2.      How important is managing well versus mobilizing?  Consider the possibility tht each depends on the other.  Julian Zelizer wrote,

“Through most of his presidency, Carter was unable to nurture strong relations with congressional Democrats or core Democratic constituencies, as too often he was unwilling to engage in the kind of deal making and compromises that were expected from the White House.  Nor did he demonstrate a good feel for what steps were necessary to create programs that had strong political support. The very qualities that allowed him to campaign successfully as an antiestablishment politician, when translated into governance, made it difficult to build a durable political coalition to which he could turn in the crisis years in 1979 and 1980.  His embrace of the complexity of policy allowed him to think beyond traditional political orthodoxies, but it also prevented him from conveying the kind of compelling ideological vision that voters sought in difficult times.  In essence, Carter’s interest lay in the challenges of presidential leadership rather than the challenges of being a party leader.  He was willing to use his political position to push the nation through difficult choices, but he was less interested or successful in taking the steps that were needed to leave his party more united and in a stronger political position by the 1980 election.”  ((Pages 149-150.))

3.      Management of multiparty negotiations: the importance of craft, social intelligence, and sheer will.   About a quarter of Carter’s memoir is devoted to the very detailed history of the Arab-Israeli peace negotiation between Begin and Sadat at Camp David over 13 days in 1979.  These pages are an invaluable illustration of many of the lessons that business schools teach about bargaining and negotiating.  Perhaps the most important of these lessons is that in any two-party negotiation, there are actually three negotiations ongoing: one between the two parties, and two more within each of the parties.  Carter artfully mediated all three simultaneously.  Carter’s achievement of this treaty (and of the decades of peace between these countries) is a dramatic testament to the power of diplomatic skill.

4.      Defining “success.”  Virtually all of the Presidents challenge our notion of success in a national leader.  One can turn to objective metrics, such as terms in office, treaties, election votes, legislative output, and polling numbers.  But the ability to frame and communicate an inspiring vision for the nation probably dominates the indicators of presidential success. 

5.      The calculus of power.   Carter’s words that “Most things we did that were difficult and controversial cost us votes in the long run.”  This implies a tradeoff: stubborn adherence to a principled position is costly, in terms of support and risk of defeat.  Settling for half a loaf and living to fight another day might be rational if you are confident of success in the long run and if the discount rate on future returns is sufficiently low.

 

Bibliography

 

Carter, Jimmy, (1995) Keeping Faith, Fayetteville: University of Arkansas Press.

 

Zelizer, Julian E., (2010), Jimmy Carter, New York: Times Books.

 

Carter is perhaps the most prolific autobiographer of all the Presidents.  I recommend, but did not assign for the course, two books that preceded Keeping Faith and that help to reveal Carter’s background and character:

·        Carter, Jimmy, (1975) Why Not the Best?
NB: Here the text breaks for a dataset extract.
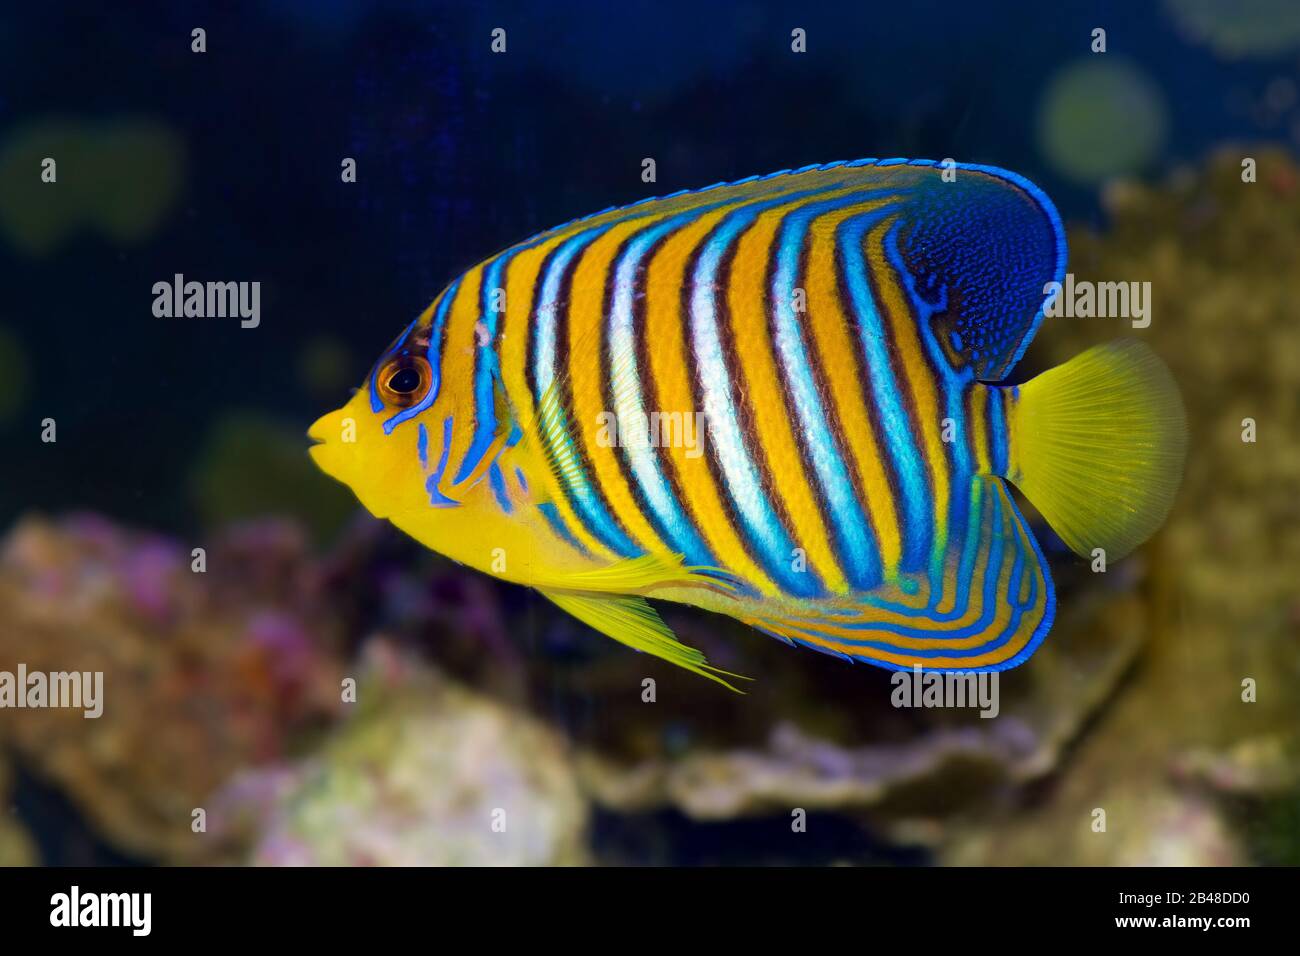 Regal Angelfish, Pygoplites diacanthus, a saltwater angelfish from the Indo-Pacific and Red Sea. This one has the coloring of the Red Sea/Indian Ocean Stock Photo

Nashville: Broadman Press.  This is Carter’s “campaign biography” written in advance of his campaign for the presidency.  Unlike many campaign biographies, Carter wrote this himself.

·        Carter, Jimmy, (1992) Turning Point: A Candidate, A State, and A Nation Come of Age, New York: Times Books.  This book describes Carter’s entry into politics.  As a peanut farmer in Plains, Georgia, he denied the racism and neglect of the impoverished prevalent in the region and sought to change state policies.  In his first campaign for office he confronted voting fraud by a political machine—and won.  The book reads like a thriller, and in the final chapters is difficult to put down.  I think that the story told here helps to illuminate Carter’s persona as an outsider and populist.  And it explains his activism on behalf of election integrity in his post-presidential career.  Highly recommended.